>If we keep HTML down to a context-free language composed of regular
>tokens, then folks can write little 20-line ditties in perl, elisp,
>lex, yacc, etc. and get real work done.
Can you write a little 20-line perl program that lists the variables
of a C program?
>If we require real-time processing of all legal SGML documents,
>we buy nothing in terms of functionality, and we render almost
>all current implementations broken.
I don't think it has been suggested that browsers need to be able to
process *all* legal SGML documents. It is after all a specific DTD
and a specific SGML declaration.
>>| <!-- this: <A HREF="abc"> looks like a link too! -->
>>
>>How so? It's in a comment, and so will be ignored by a parser.
>
>Yes, by an SMGL compliant parser, but not by any parser built
>out of standard parsing tools like regular expressions, lex, and yacc.

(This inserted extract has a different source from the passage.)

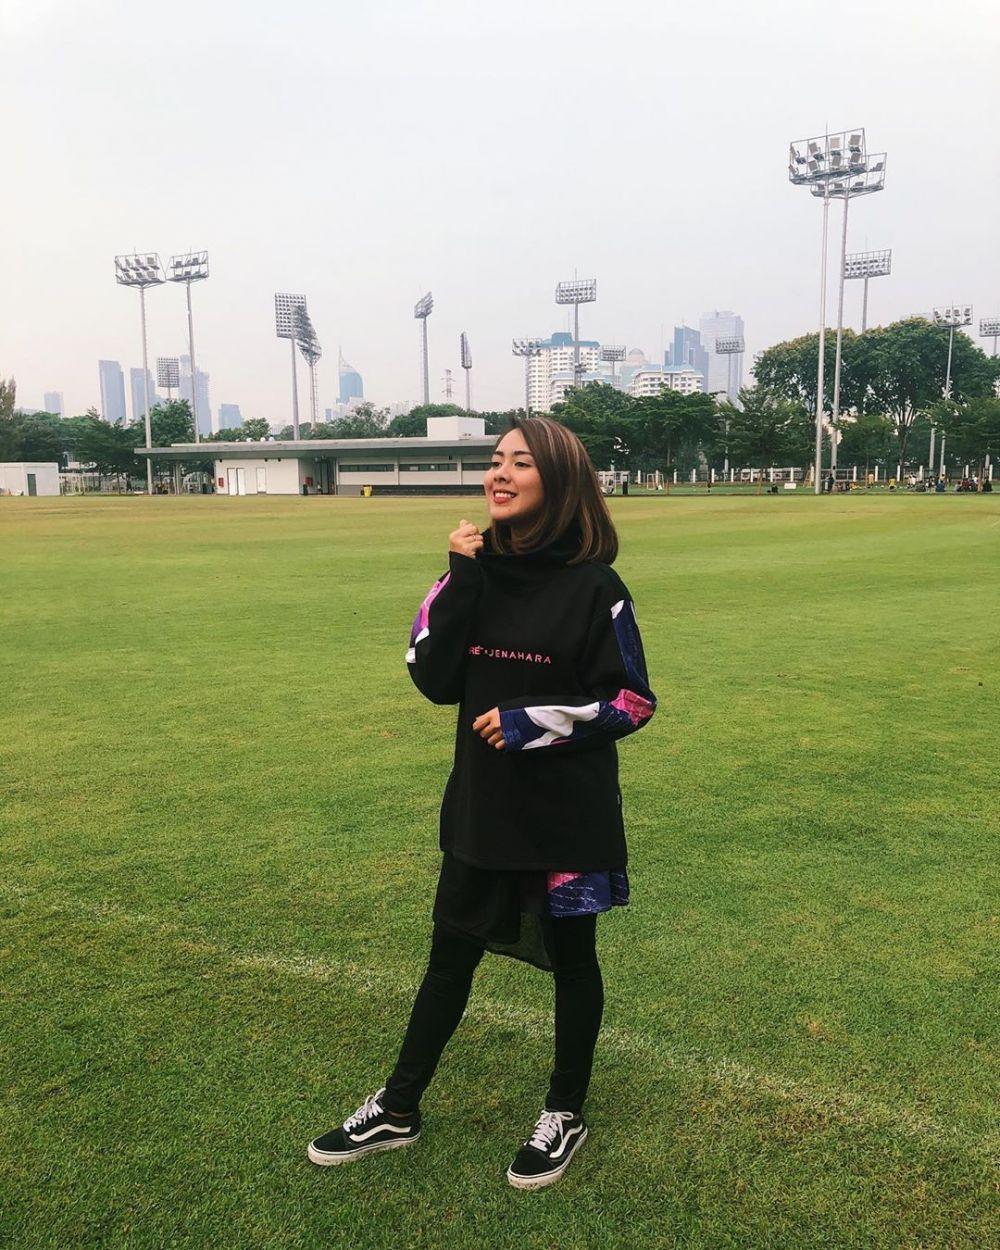 8 Pesona Nabila Faisal, calon istri Marcell Darwin yang cantik Instagram/@fastynabila

>(well, actually, you could do it with lex, but it's a pain...)
Recognising a comment can be done with regular expressions. If you
have trouble making lex and yacc handle this, I don't think it is
because the limitations of lex and yacc.
>>| And this: a < b > c has no markup at all, even though it
>>| uses the "magic" < and > chars.
>>
>>But not in the magic combinations <[A-Za-z] etc.
>
>Right. The famous "delimiter in context". Contrast this with the
>vast majority of "context free" languages in use.
I will compare this with C. In C "/" is a token used for the division
operator and "*" is a token used for the multiplication operator, but
when "/" is followed by "*" it is a comment start. This is consistent
with a "context free" language as is recognising a "<" as a start tag
opener when it is followed by a letter.
>You say "crippled", I say "expedient". Remember: the documents are
>still conforming. It's just the WWW client parser that's non-standard.
It is harder to make SGML tools produce correct HTML if HTML has a lot
of arbitrary restrictions.
-- Lennart Staflin <[email protected]>